The opinion of the court was delivered by: Susan Illston United States District Judge
Michael J. Hicks, formerly an inmate at Salinas Valley State Prison and now an inmate at the California State Prison - Sacramento, filed this pro se civil rights action under 42 U.S.C. 16 § 1983. He alleged in his complaint that he was denied access to an adequate law library while he was incarcerated at Salinas Valley. His complaint is now before the court for initial review under 28 U.S.C. § 1915A.
A federal court must engage in a preliminary screening of any case in which a prisoner seeks redress from a governmental entity or officer or employee of a governmental entity. See 28 U.S.C. § 1915A(a). In its review the court must identify any cognizable claims, and dismiss any claims which are frivolous, malicious, fail to state a claim upon which relief may be granted, or seek monetary relief from a defendant who is immune from such relief. See id. at 1915A(b)(1),(2). Pro se pleadings must be liberally construed. See Balistreri v. Pacifica Police Dep't, 901 F.2d 696, 699 (9th Cir. 1990).
A prisoner must exhaust administrative remedies before filing a civil rights action. "No action shall be brought with respect to prison conditions under [42 U.S.C. § 1983], or any other Federal law, by a prisoner confined in any jail, prison, or other correctional facility until such administrative remedies as are available are exhausted." 42 U.S.C. § 1997e(a). The State of California provides its inmates and parolees the right to appeal administratively "any departmental decision, action, condition or policy perceived by those individuals as adversely affecting their welfare." See Cal. Code Regs. tit. 15, § 3084.1(a). In order to exhaust available administrative remedies within this system, a prisoner must proceed through several levels of appeal: (1) informal resolution, (2) formal written appeal on a CDC 602 inmate appeal form, (3) second level appeal to the institution head or designee, and (4) third level appeal to the Director of the California Department of Corrections. See id. § 3084.5; Woodford v. Ngo, 548 U.S. 81, 10 85-86 (2006); Barry v. Ratelle, 985 F. Supp. 1235, 1237 (S.D. Cal. 1997).
Nonexhaustion under § 1997e(a) is usually an affirmative defense, but a complaint may be dismissed by the court for failure to exhaust if a prisoner "conce[des] to nonexhaustion" and "no exception to exhaustion applies." Wyatt v. Terhune, 315 F.3d 1108, 1119 (9th Cir. 2003). The complaint and attachments plainly show that Hicks did not exhaust his administrative remedies before filing this action. Hicks checked the box indicating that he had not appealed to the "highest level of appeal available" and explained that "after the second level the damage had been done and became moot after transfer back to CSP-Sacramento." Complaint, p. 2. Exhaustion in prisoner cases covered by § 1997e(a) is mandatory. Porter v. Nussle, 534 19 U.S. 516, 524 (2002). All available remedies must be exhausted; those remedies "need not meet federal standards, nor must they be 'plain, speedy, and effective.'" Id. (citation omitted). Even when the prisoner seeks relief not available in grievance proceedings, notably money damages, exhaustion is a prerequisite to suit. Id.; Booth v. Churner, 532 U.S. 731, 741 (2001).
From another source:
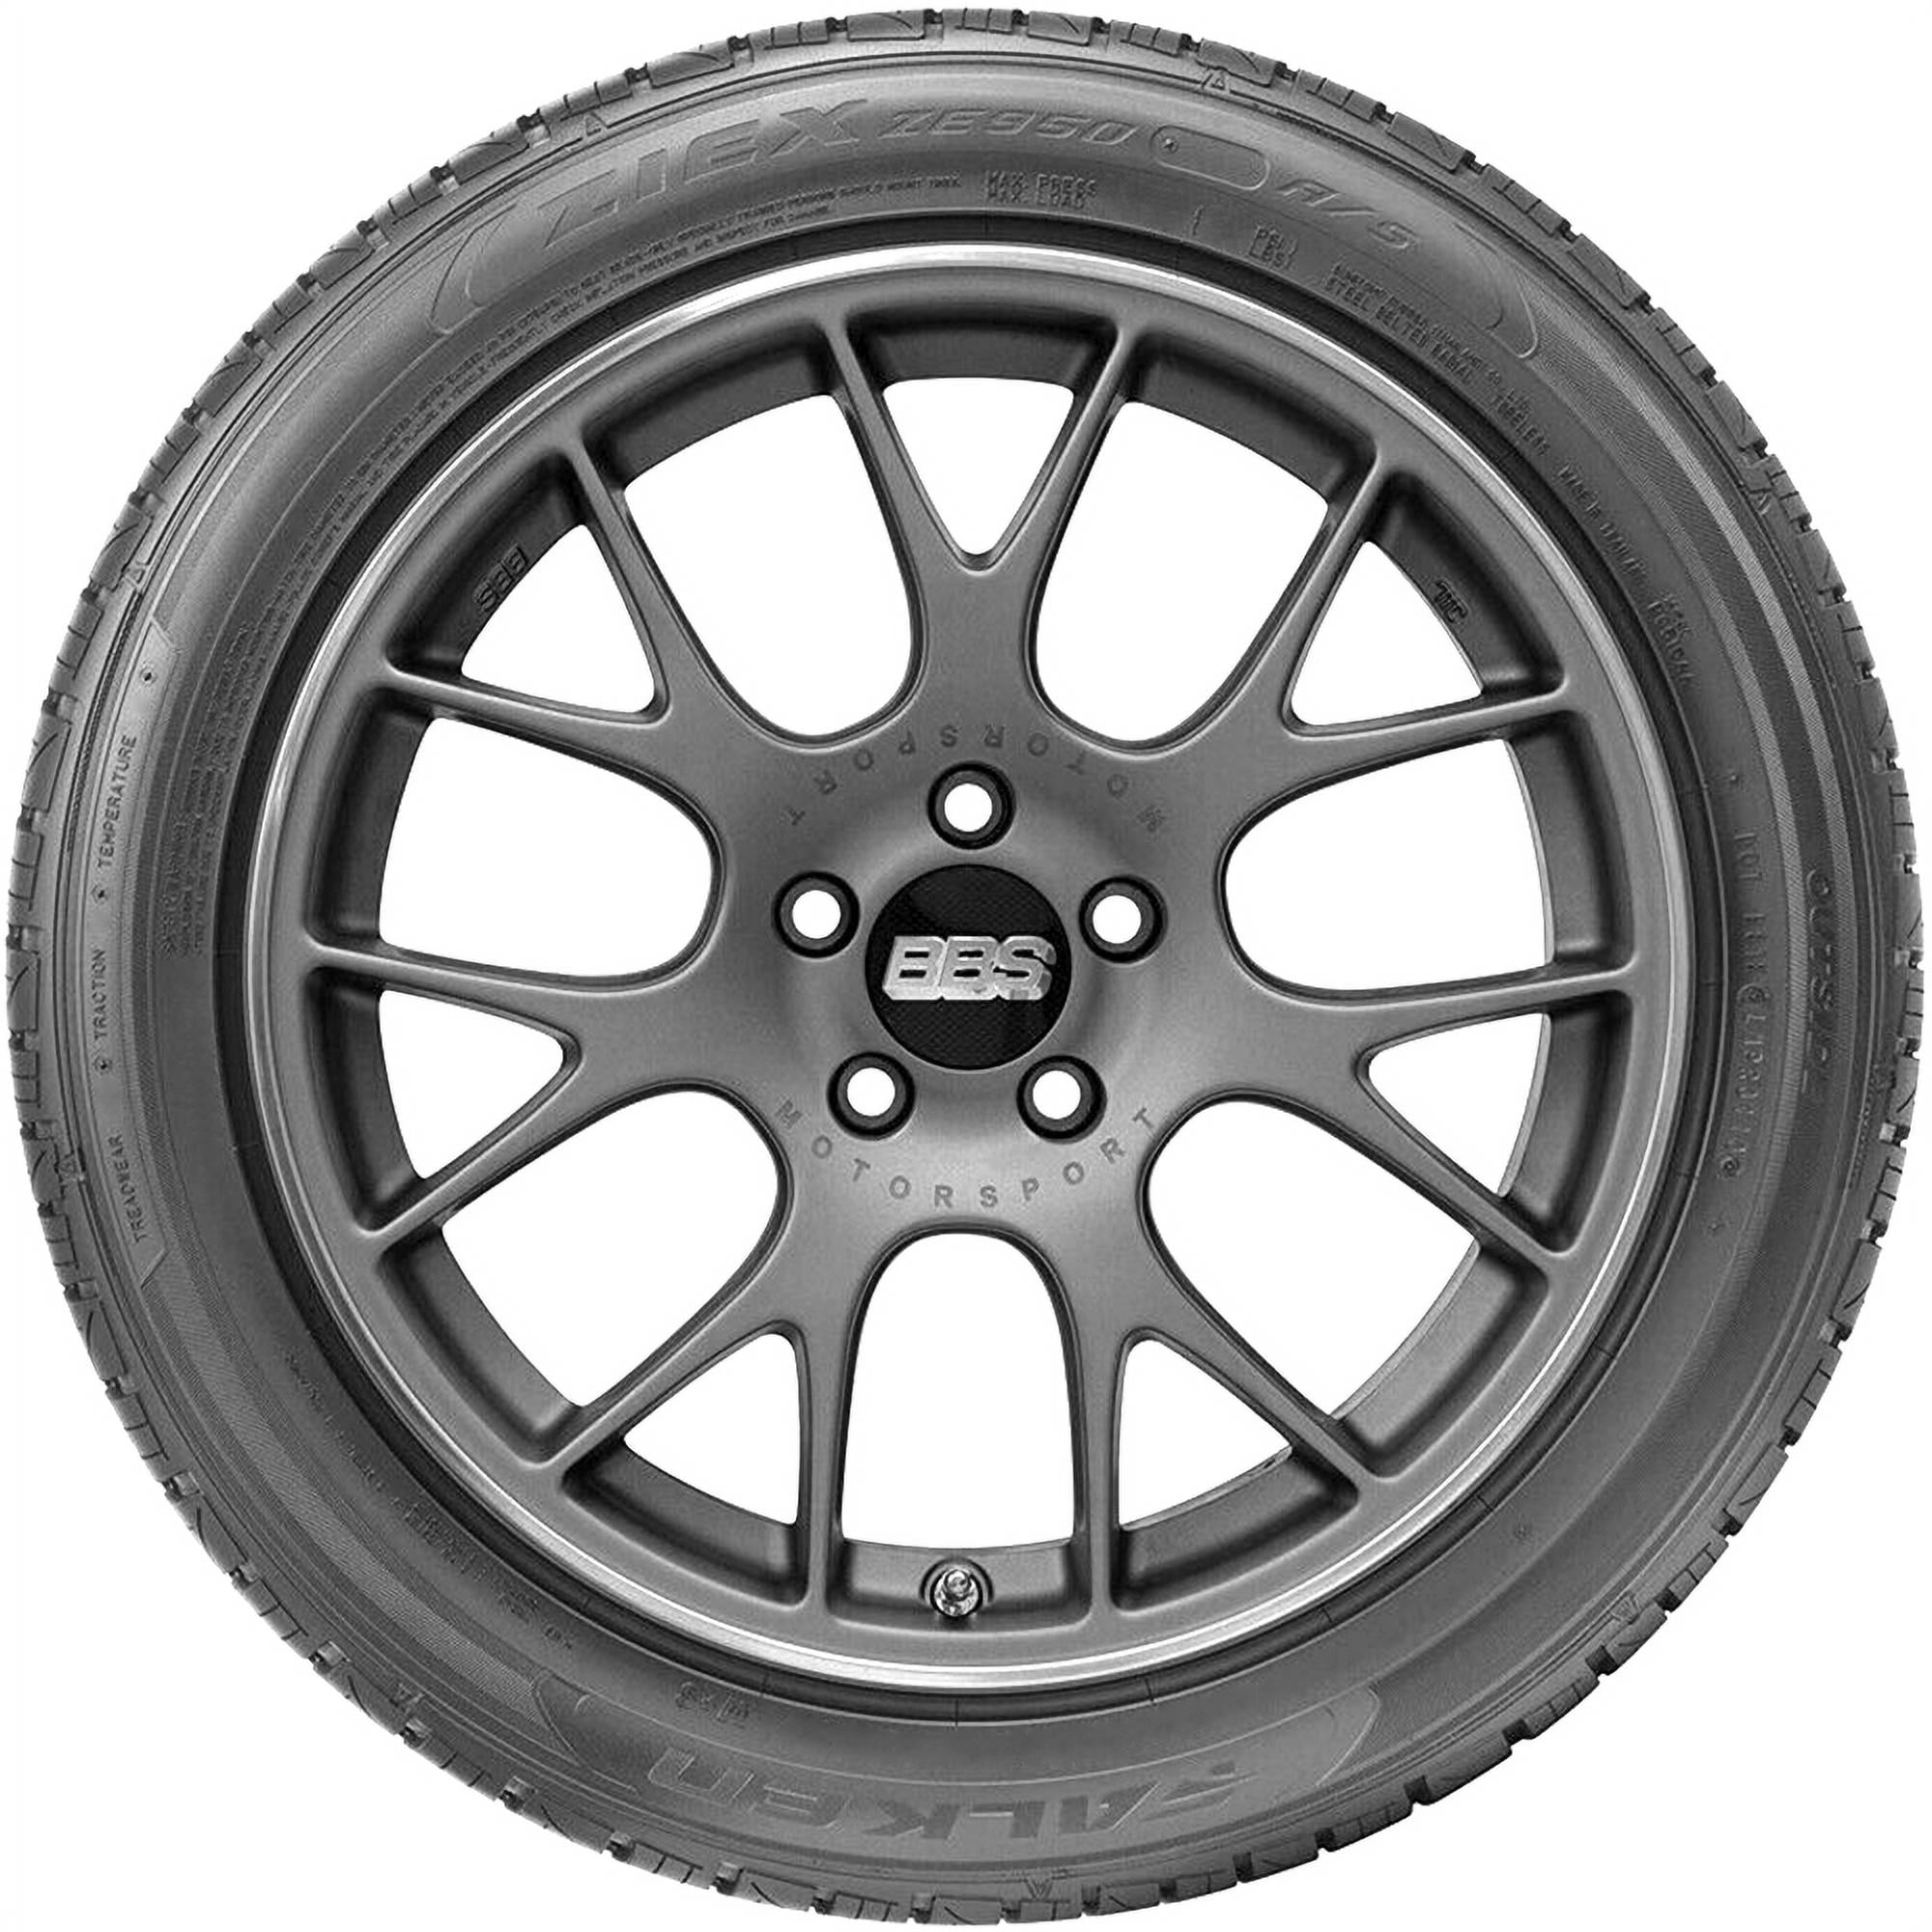 Falken Ziex ZE950 All-Season Radial Tire 205/50R17 93W

Prisoners cannot avoid the administrative exhaustion requirement by requesting relief not available in the appeals system, such as monetary relief, or (as here) by simply declaring the process futile. Hicks conceded that he had not completed the California inmate appeal process before filing this action. The alleged futility of pursuing an inmate appeal did not excuse the exhaustion requirement. This action therefore is dismissed without prejudice to Hicks filing a new action after he exhausts his administrative remedies. The clerk shall close the file.